Глава первая
17 февраля 1988 года. Я открываю глаза и слышу звуки в такой последовательности: во-первых, надрывается стоящий с другой стороны кровати телефон (причина будить нас в начале шестого может быть только одна – всемирный катаклизм); во-вторых, дождь барабанит по крыше нашего старого дома в викторианском стиле, коварно затекая в подвал; и, наконец, Хью пыхтит, оттопыривая нижнюю губу, через абсолютно равные промежутки времени, как метроном.
Двадцать лет я слышу, как он пыхтит. Причем не только во сне, но и когда после ужина усаживается в свое кожаное кресло с подголовником просматривать колонки журналов по психиатрии, стопкой сложенных на полу, и все во мне восстает против этого звука.
Телефон продолжал звонить, я лежала, выжидая, пока Хью возьмет трубку, уверенная, что это один из его пациентов, возможно, тот самый параноидальный шизофреник, который звонил вчера вечером, уверенный, что ЦРУ обложило его в федеральном здании в центре Атланты.
Третий заход.
– Да, алло, – пробормотал Хью в трубку хриплым со сна голосом.
Я отвернулась от него на другой бок и посмотрела на сочащийся из окна слабый, рассеянный свет; вспомнив, что сегодня первая среда Великого поста, и почувствовав при этом неизбежный приступ вины.
Отец погиб в первую среду Великого поста, и каким-то замысловатым, не понятным ни для кого. кроме меня, образом я чувствовала, что по крайней мере отчасти виновата в этом.
Говорили, что на его лодке случился пожар – взорвался топливный бак.
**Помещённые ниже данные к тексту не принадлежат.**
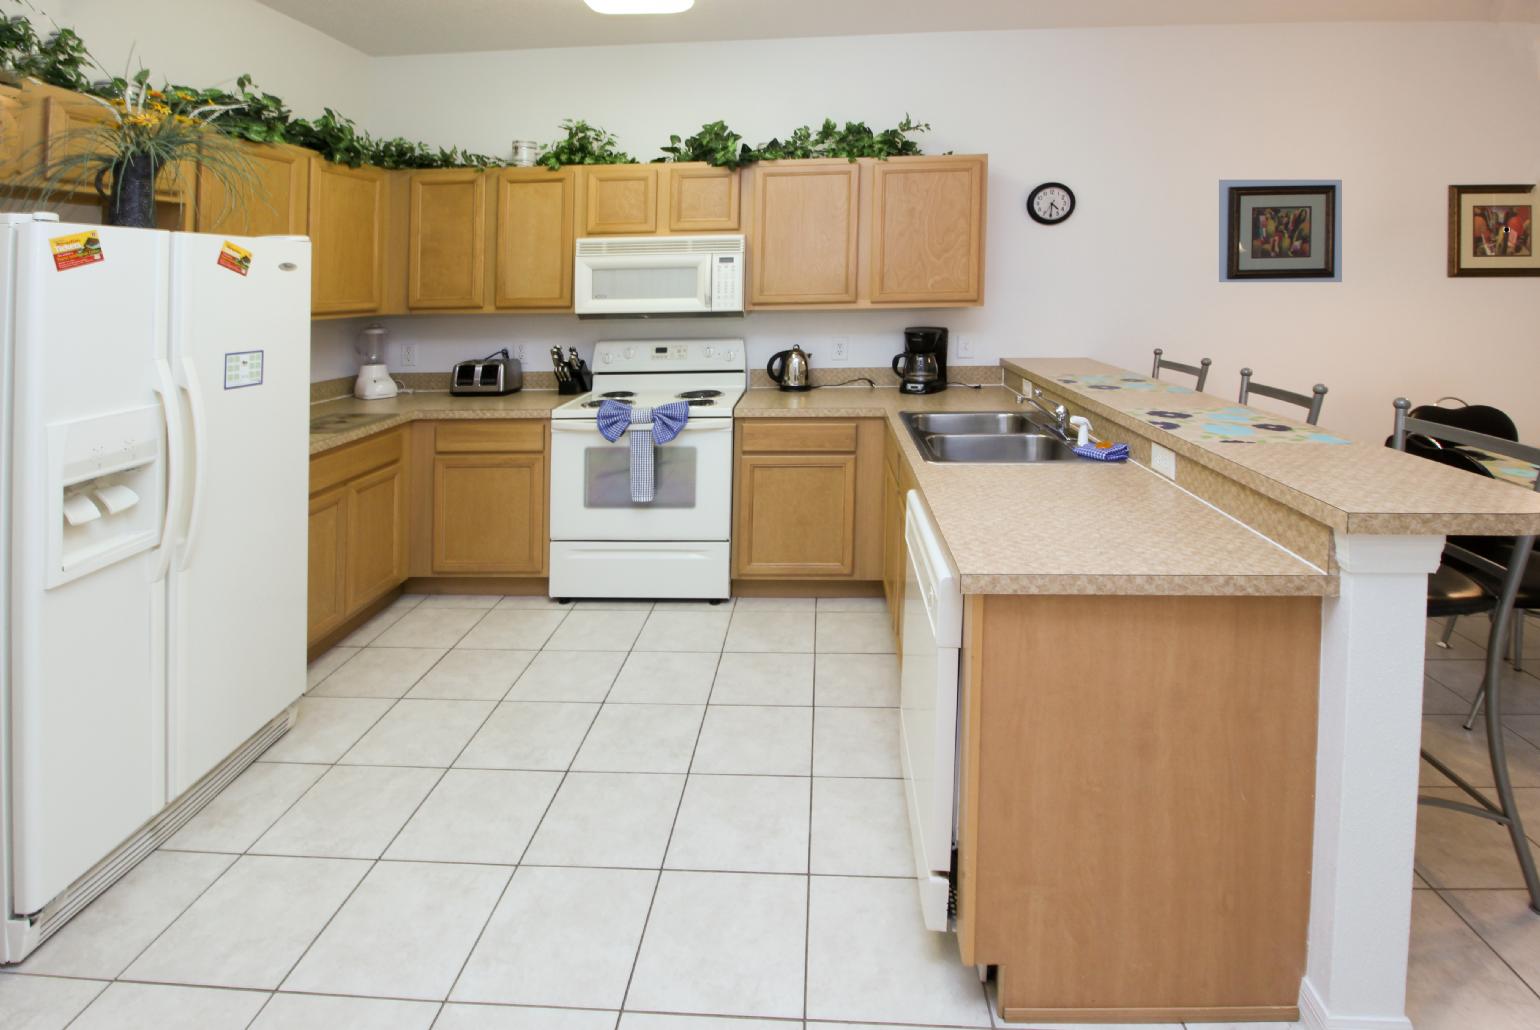 Equipped kitchen with dining area.

Обломки вынесло на берег несколько недель спустя, в том числе часть кормы с надписью «Морская Джесс». Он назвал лодку в честь меня, не в честь моего брата Майка и даже не в честь матери, которую обожал, а именно в честь меня, Джесси.
Я закрыла глаза, и перед мысленным взором предстали ревущие языки пламени и отбрасываемые ими оранжевые отблески. Статья в чарлстонской газете описывала взрыв как «подозрительный», и даже было проведено небольшое расследование, впрочем ничего не давшее; обо всем этом мы с Майком узнали только потому, что тайком раскопали газетную вырезку в платяном ящике матери, странном, потайном месте, где валялись порванные четки, брошенные в небрежении медальоны с изображениями святых, бумажные образки и статуэтка Иисуса с отбитой левой рукой. Мать даже и представить себе не могла, что мы когда-нибудь доберемся до этой священной рухляди.
Целый год я почти каждый день наведывалась в это жутковатое святилище и с маниакальным постоянством перечитывала статью, особенно одну строчку: «Полиция разрабатывает версию о том, что искра из курительной трубки могла воспламенить утечку в топливной системе».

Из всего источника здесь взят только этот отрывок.